The refill pioneer saying no to blanding
What’s black, white, and sounds like Dean Martin? It’s Fill Refill, the zero-waste closed loop household refill company, of course! Not only has Fill Refill helped spearhead an eco-friendly way to clean your filthy clothes and home, they’ve done it with style. Their brand features bold illustrations and punchy writing. We sat down with MD Phill Kalli to talk brands, blands, and bands. (Yes, really).
Where did the idea for Fill Refill come from?
My dad is a formulation chemist. He worked with commercial laundries, supplying bulk liquids and then bringing the packaging back. He was already doing a kind of closed-loop system [one where no waste is produced because materials are continuously reused or recycled] without realising it.
And how did you get involved with the business?
My background is very different to what I’m doing now. I never wanted to do what my dad did (despite him buying me chemistry sets when I was a kid). I wanted to do something related to writing, or music, or painting. And had a go at all three, really. I did a degree in English Literature. Then I ended up as a photo editor at a music magazine. And then I managed my friend’s band for about five years. We did quite well – we signed to EMI and did a load of tours and stuff.

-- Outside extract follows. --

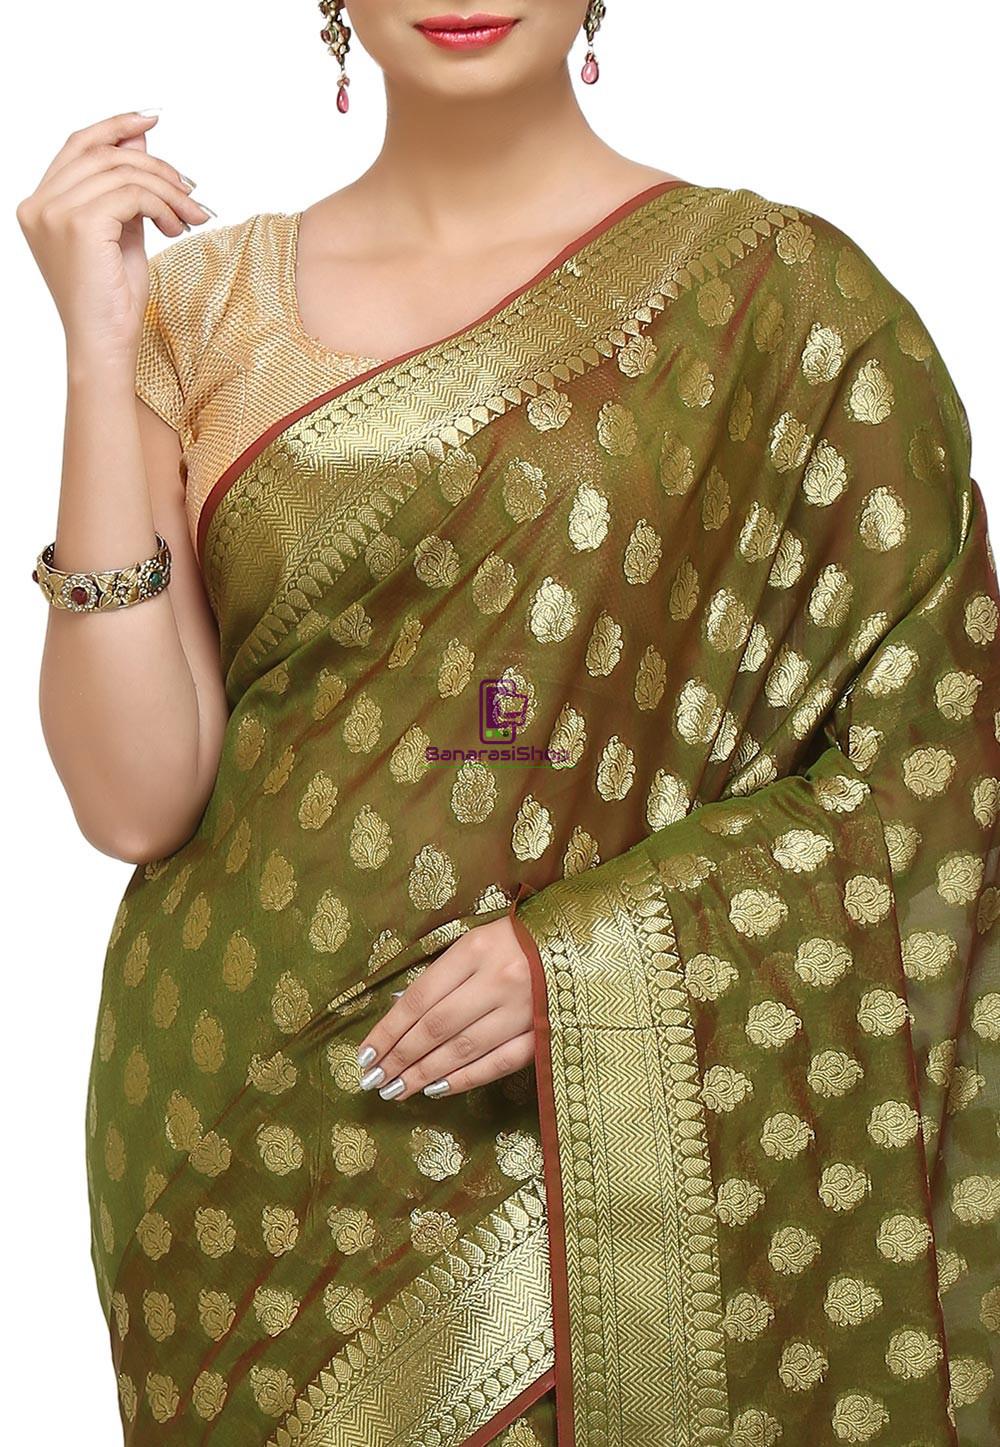 Banarasi Saree in Olive Green 2

I came out the other side of all of that and wanted to go back into education and maybe do something to do with design or painting. But my dad intercepted me, and said, ‘Why don’t you come and see what I do for a year or two and see how it goes?’ And I did.
It’s been 14 years now, and it’s been brilliant. My dad’s been open to all the ideas I had, and really cool about letting me put my own stamp on things.
Is your dad still involved?
Not in the day-to-day stuff – he’s 80 years old now – but he is involved. And he’s so excited about what we’re doing. He walks into his local refill store and, you know, announces his presence.
When you choose Fill Refill, you’re not just choosing the product inside – you’re choosing a different way of purchasing.
Can you tell us a bit about the Fill Refill brand?
I find it hard to see Fill Refill as a brand. When you choose Fill Refill, you’re not just choosing the product inside – you’re choosing a different way of purchasing. And that’s what a lot of the messaging is about.
How do you bring that through in your writing?
We don’t over-describe what we do. It’s hard to resist, especially if you’ve worked hard to get an accreditation, or you know that you do something that another brand doesn’t do. But you have to wind it back, and say, ‘Do you know what? People that choose Fill Refill already know this stuff. They don’t need to be told’. I’ve always said I wanted Fill Refill to be a product that I would choose. And I don’t want to be lectured at.
Also, you have to write these things every day. You don’t want to be bored. In 2020 I took maybe two months off Instagram. It’s old-fashioned, but if you’ve got nothing to say, then you should just take a break. Because when you’re excited about what you’re doing, it comes through. We have purple patches where there’s so much stuff happening, and we’re really proud of it. I feel like that comes through in the way we talk about it.
How else would you describe the Fill Refill voice?
It’s quite idiosyncratic, our tone. There are certain words that I do and don’t like. Maybe it’s being fussy or, or maybe it’s just being aware of how much blanding there is. I feel like a lot of brands just merge into one language. I don’t want to speak that same language.
We want to communicate the idea of refill without any bullshit.
We’re impressed by how Fill Refill sounds sincere without sounding schmaltzy.
That’s a good word – ‘schmaltzy’. So a word like that, I’d use in a second. I’m into words that sound cool, that have a musicality to them. We use a lot of rhyme too, like ‘choose to reuse’.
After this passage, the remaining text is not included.